For any non-solid block, we add it to the OBC and send a synchronization request to the peer who sends it to us if any of its ancestors does not exist locally. If a block passes the syntax check, we say it is syntactically valid. All syntactically valid blocks are added to the pending set of each milestone chain managed by DAG for the subsequent verification of transactions. For the ones that are not syntactically valid, we simply discard them.
The offline verification is triggered whenever we find a Block to be a milestone on some chain at the end of the online verification. We use the post-order depth-first search to assign a unique order to the blocks in the pending set that precede the milestone block, which form the level set of this milestone. For each block in the level set, the offline verification determines whether the transactions it contains are valid, and thus we can update the UTXO ledger accordingly. The offline verification on each milestone chain in DAG are independent, and the level set being verified is stored as a vector of Vertex on its corresponding chain.
Making a valid transaction
When a syntactically valid block is going through the verification procedure, its transactions update ledger one by one. At this stage, the integrity of transactions is achieved but not the validity, for example, some inputs may come from spent outputs, or some transactions have been processed already. In this section we will focus on steps of transaction verification. There are a lot more rules to follow. Rules for sortition and registration transactions can be well-followed in mining procedure. But those for normal transactions are out of miners' control.
Sortition
Sortition is an implementation of transaction assignments mechanism. The aim is to reduce the probability that one transaction is packed by different miners so that epic network can be more efficient to process as many transactions as possible. And the idea from sortition is restrict the range of transactions which is available to miners. Imagine that total transaction pool is a paper with many dots randomly drawn. The dots are just transactions. Sortition is like tearing up the paper into pieces and assigning each miner a piece. The dots on each pieces represent transactions the miner can mine.
However, our sortition is not as perfect as the above analogy. In epic network, the estimated hashing power (numbers of hashing per unit time) of the miner is the size of the piece of paper. And the latest block hash is where the piece locates. They are not that accurate but a rough estimation. To put in a mathematical way, we will define a distance measure between transactions and blocks and find a threshold for the distance, which is proportional to the hashing power of miner.
Moreover, a miner must mine a certain number of blocks without normal transactions, say one hundred, after his first registration block. This gives the first estimation of his hashing power. And it updates iteratively according to recent one hundred blocks. Then the miner should calculate the distance, given by an xor operation on the hashes of target transaction and latest block in epic network.
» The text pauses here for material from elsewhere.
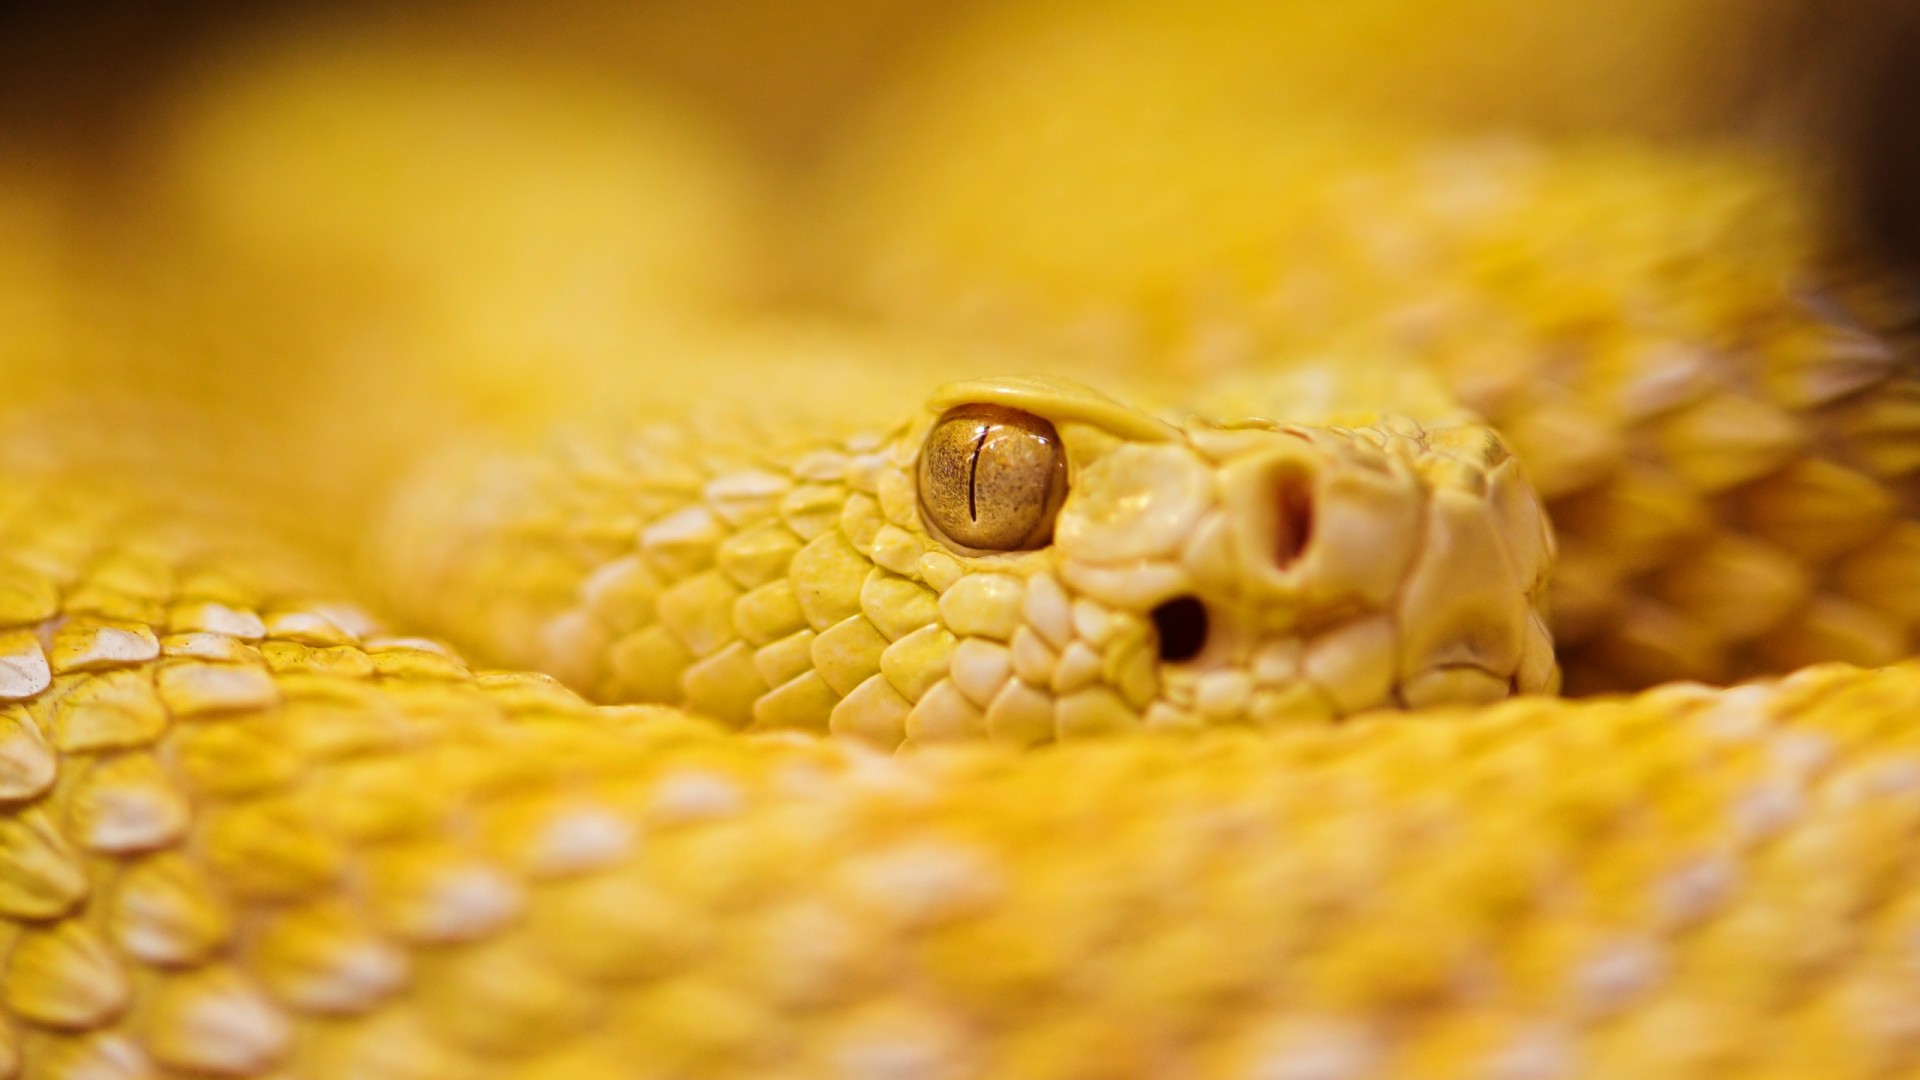 Змея, 4k, HD, альбинос, гремучая змея, желтые, желтый, глаза, рептилия, Snake, 4k, HD wallpaper, albino, rattlesnake, yellow, Eyes, reptiles (horizontal)

A transaction can be mined only if the corresponding distance is within the threshold. Note that two hashes both appear randomly so that every transaction can be packed by some miner and collision is reduced.
Related validation rules are:
the block contains normal transactions before reaching height where first estimation of hashing power is
the distance exceed corresponding threshold
Offline verification
Besides sortition, we say a transaction is valid in the offline verification if it meets the following requirements:
If it is the first registration, then it is valid automatically.
If it is a redemption:
the last redemption/registration block is not redeemed;
its input contains a valid signature; and
its redemption value in the output is not greater than the peer chain’s accumulative reward.
If it is a normal transaction:
the total value of inputs is not less than the total value of outputs;
the total value of inputs is not greater than the maximum allowed money;
hash in an outpoint of inputs points to an unspent output; and
every input contains a valid signature.
Workflow graph
The following graph is an abstract work flow chart for both the online and offline (in the yellow shade) verification.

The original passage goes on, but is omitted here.